Tick the box next to "Acquired antimicrobial resistance genes". You can choose to only look for particular types of acquired resistance genes under "Select Antimicrobial configuration" or look for all types. By default, all types are selected. You can choose different thresholds for how identical the identified sequence in the input genome has to be to a gene in the ResFinder database for it to be reported (Select threshold for %ID), and how much of a gene in the ResFinder database that has to be covered for it to be reported (Select minimum length). For this exercise, it is recommended that you keep the default settings.

2. Which resistance genes are reported? You might want to fill out this table for getting an overview PDF or DOCX (printed version can be found after the printed instructions for Exercise 1).

3. Find examples of genes in the input sequence which are 100% identical to a gene in the ResFinder database and genes, which are less than 100% identical.

4. Do any of the genes found in the input genomes only partially cover the corresponding gene in the ResFinder database?

Please note that there is a bug related to the alignments (seen by clicking "extended output") when viewing them on the webpage. This is obvious when looking at the alignment for catB4. Although the alignment (HSP) is listed as much short than the length of the database gene (Length), the alignment shows them as the same length. To see the true alignment, download the file "results.txt" by clicking on the button labelled "Results as text", which can be found just above the "extended output" button. 

5. Which resistance genes differ between the three K. pneumoniae isolates?

Examine the presence of plasmids in the three isolates using PlasmidFinder (https://cge.cbs.dtu.dk/services/PlasmidFinder/). Select the database "Enterobacteriaceae". You may keep the default settings for %ID threshold and minimum length.

6. Looking at the results from PlasmidFinder, can you explain some of the differences in resistance genes among the three isolates?

Try running the three isolates through KmerResistance (https://cge.cbs.dtu.dk/services/KmerResistance/), a more sensitive method than ResFinder for identification of acquired antibiotic resistance genes. 

7. Did the results from KmerResistance give you any new information with regards to the aac(3)-IIa gene?

Please note, the optimal input for KmerResistance is raw reads, in which case the reads will be mapped to the database genes. If raw reads are uploaded, KmerResistance also outputs informations on depth of coverage. ResFinder is BLAST-based and works on draft genomes. The results will thus be identical regardless of wether raw reads or an assembled draft genome is uploaded. If raw reads are uploaded, a draft genome will initially be assembled using Velvet, after which BLAST will be performed.

8. Have a closer look at the alignment for blaLen12 in Kleb10. Does it help to explain why this isolate is the only one reported to harbour this gene?

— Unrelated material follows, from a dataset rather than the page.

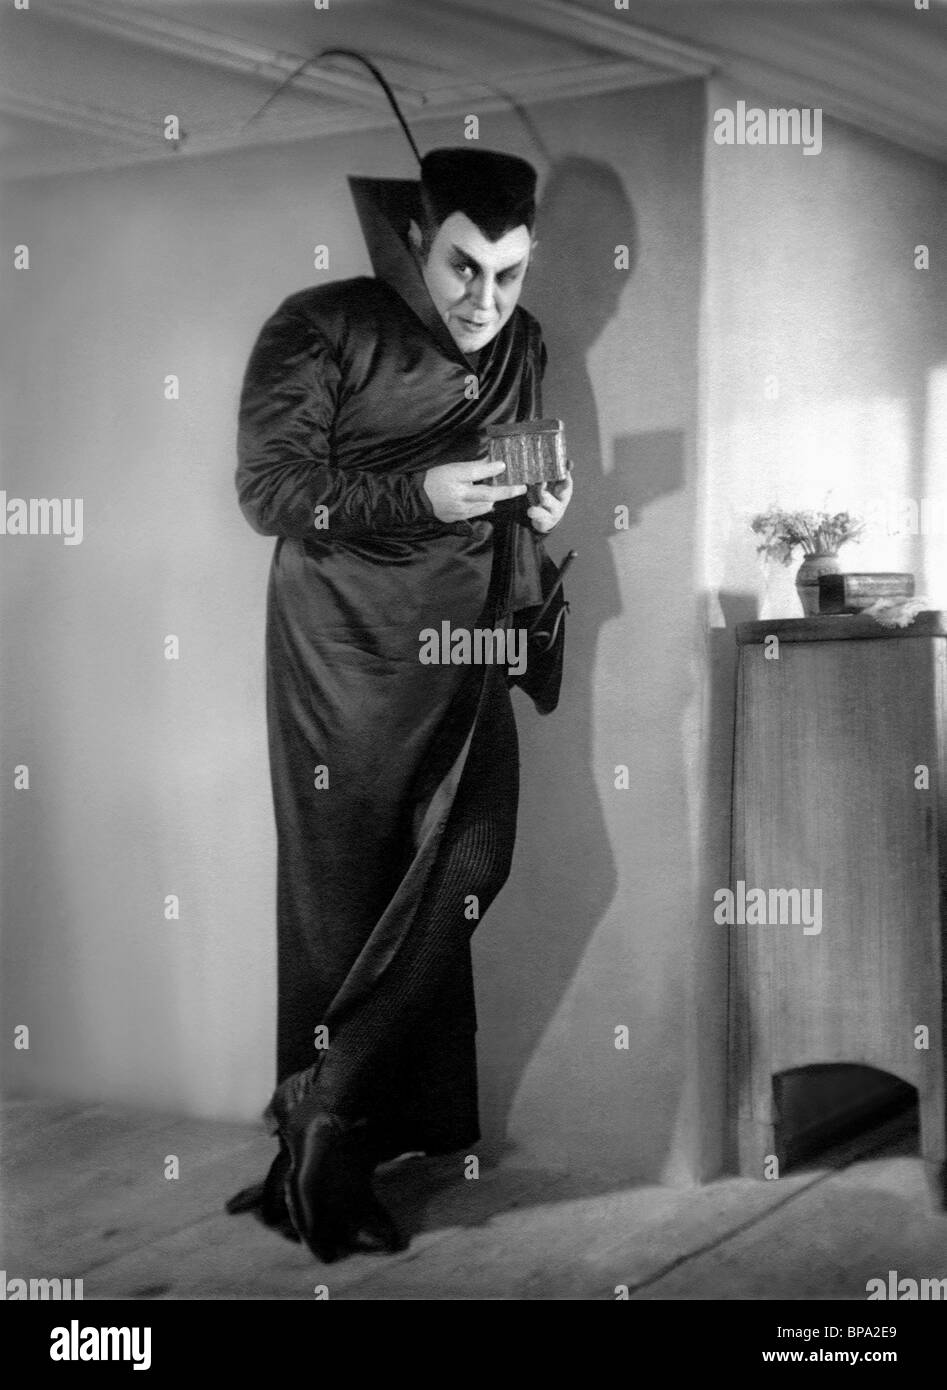 EMIL JANNINGS FAUST: A GERMAN FOLK LEGEND (1926) - Stock Image

Tomorrow, we will use high-resolution methods to generate phylogenetic trees. Today, we will settle for examining the Multilocus Sequence Type (ST) to determine whether the different isolates are likely to be part of an outbreak.

Determine the ST of the three isolates using the MLST tool  (https://cge.cbs.dtu.dk//services/MLST/). Remember to select the appropriate MLST scheme according to the species.

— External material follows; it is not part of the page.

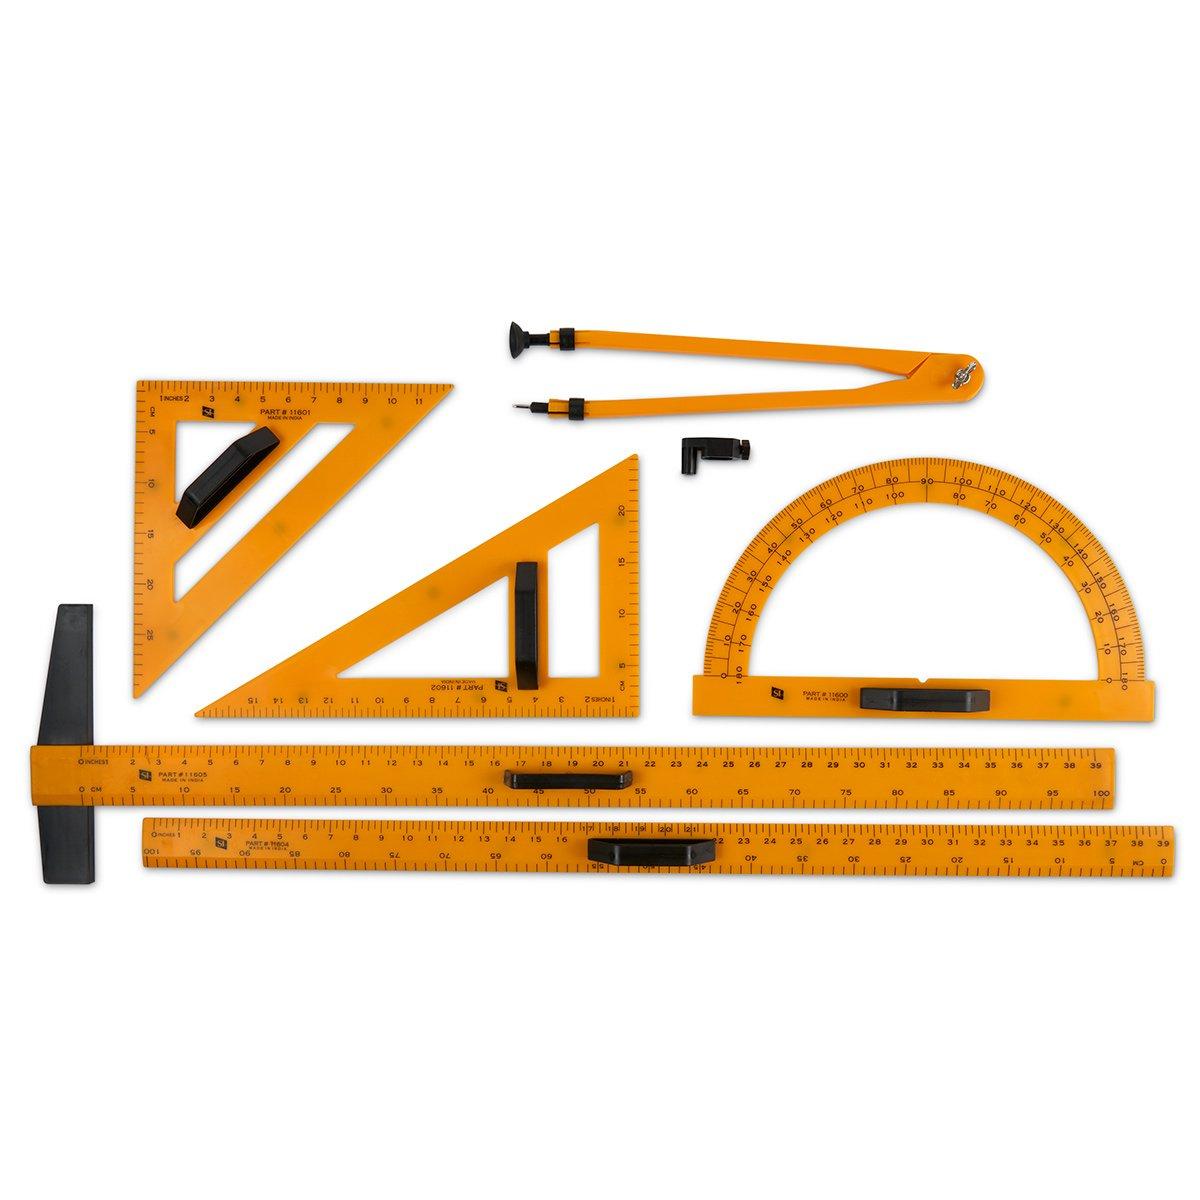 Generic Whiteboard/Chalkboard Drawing Tool Set

9. What is the ST of the three isolates? Is there anything you need to be concerned about, e.g. loci that are not 100% identical to the MLST alleles in the database, or maybe even partial loci?


Back at the hospital major cleaning and disinfection efforts are initiated in an attempt to stop the outbreak. However, the following week another (newly-admitted) patient displays symptoms of urinary tract infection. The DNA of the bacteria of this patient is also sequenced and the reads assembled to a draft genome (the file Unknown_draft_genome.fsa).

11. Is the new case likely to be part of the previous outbreak?

If you have time to spare before the wrap-up, you might want to start on Exercise 2. The first part is about using ResFinder-3.0 for identifying point mutations in chromosomal genes causing antibiotic resistance.